Mark一下,使用这种方法前最好看下源码,没注意就出了个bug,我是解析一个文件,然后读line,按\t分隔,然后最后三位是空的""字符串,
split之后用 String[] 数组接之后就吞掉了后三位,就数组越界了,因为我的用法是line.split("\t") ,走的方法是第一个默认limit 是零。例如String str= "a,b,c,,,"; String[] strs = str.split(","); strs里面就只剩三个了,后面三个空都被程序吞掉了。数组长度不是预期的。
官方文档解释为:
limit为分割次数限制。limit >0 str分隔limit-1次,数组的长度将不大于n
limit<0 str尽可以能多的被分隔
limit = 0 就是默认的情况没有limit参数时,尾部的字符串就被舍弃了
解决办法:
String[] strs = str.split(",", -1); 走的是小于零的,尽可能多的被分隔。
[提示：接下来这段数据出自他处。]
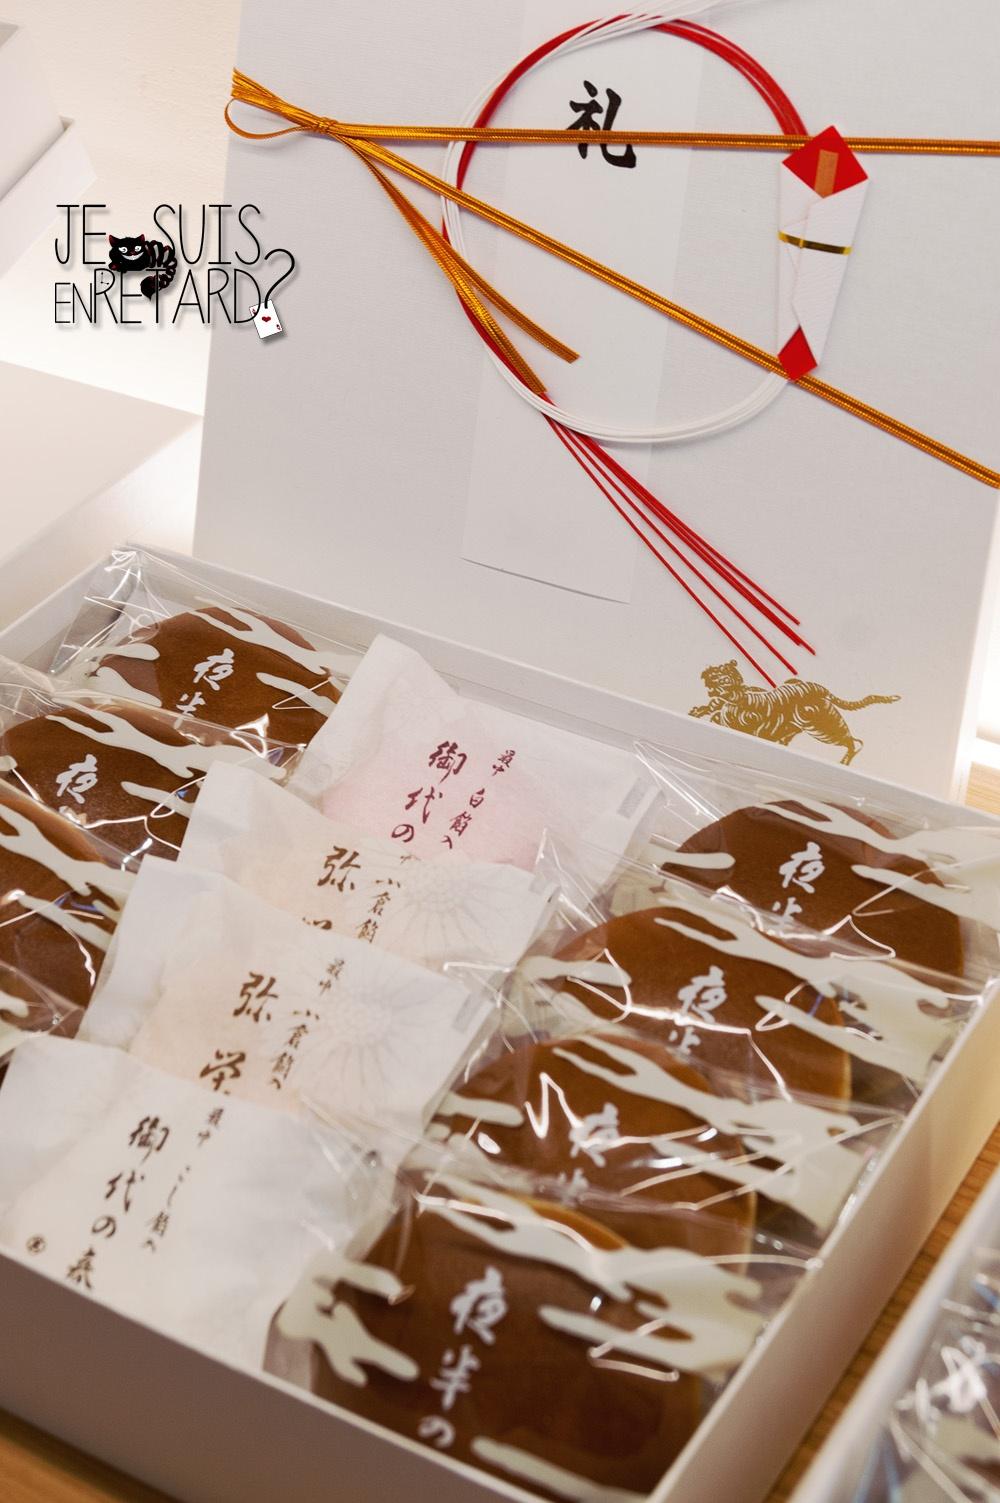 Toraya 1 - Pâtisserie japonaise - pintrerest

空字符串会被保留到数组中。
源码:
public String[] split(String regex) {
return split(regex, 0);
}
public String[] split(String regex, int limit) {
/* fastpath if the regex is a
(1)one-char String and this character is not one of the
RegEx's meta characters ".$|()[{^?*+\\", or
(2)two-char String and the first char is the backslash and
the second is not the ascii digit or ascii letter.
*/
char ch = 0;
if (((regex.value.length == 1 &&
".$|()[{^?*+\\".indexOf(ch = regex.charAt(0)) == -1) ||
(regex.length() == 2 &&
regex.charAt(0) == '\\' &&
(((ch = regex.charAt(1))-'0')|('9'-ch)) < 0 &&
((ch-'a')|('z'-ch)) < 0 &&
((ch-'A')|('Z'-ch)) < 0)) &&
(ch < Character.MIN_HIGH_SURROGATE ||
ch > Character.MAX_LOW_SURROGATE))
{
int off = 0;
int next = 0;
boolean limited = limit > 0;
ArrayList<String> list = new ArrayList<>();
while ((next = indexOf(ch, off)) != -1) {
if (!limited || list.size() < limit - 1) {
list.add(substring(off, next));
off = next + 1;
} else { // last one
//assert (list.size() == limit - 1);
list.add(substring(off, value.length));
off = value.length;
break;
}
}
// If no match was found, return this
if (off == 0)
return new String[]{this};
// Add remaining segment
if (!limited || list.size() < limit)
list.add(substring(off, value.length));
// Construct result
int resultSize = list.size();
if (limit == 0) {
while (resultSize > 0 && list.get(resultSize - 1).length() == 0) {
resultSize--;
}
}
String[] result = new String[resultSize];
return list.subList(0, resultSize).toArray(result);
}
return Pattern.compile(regex).split(this, limit);
}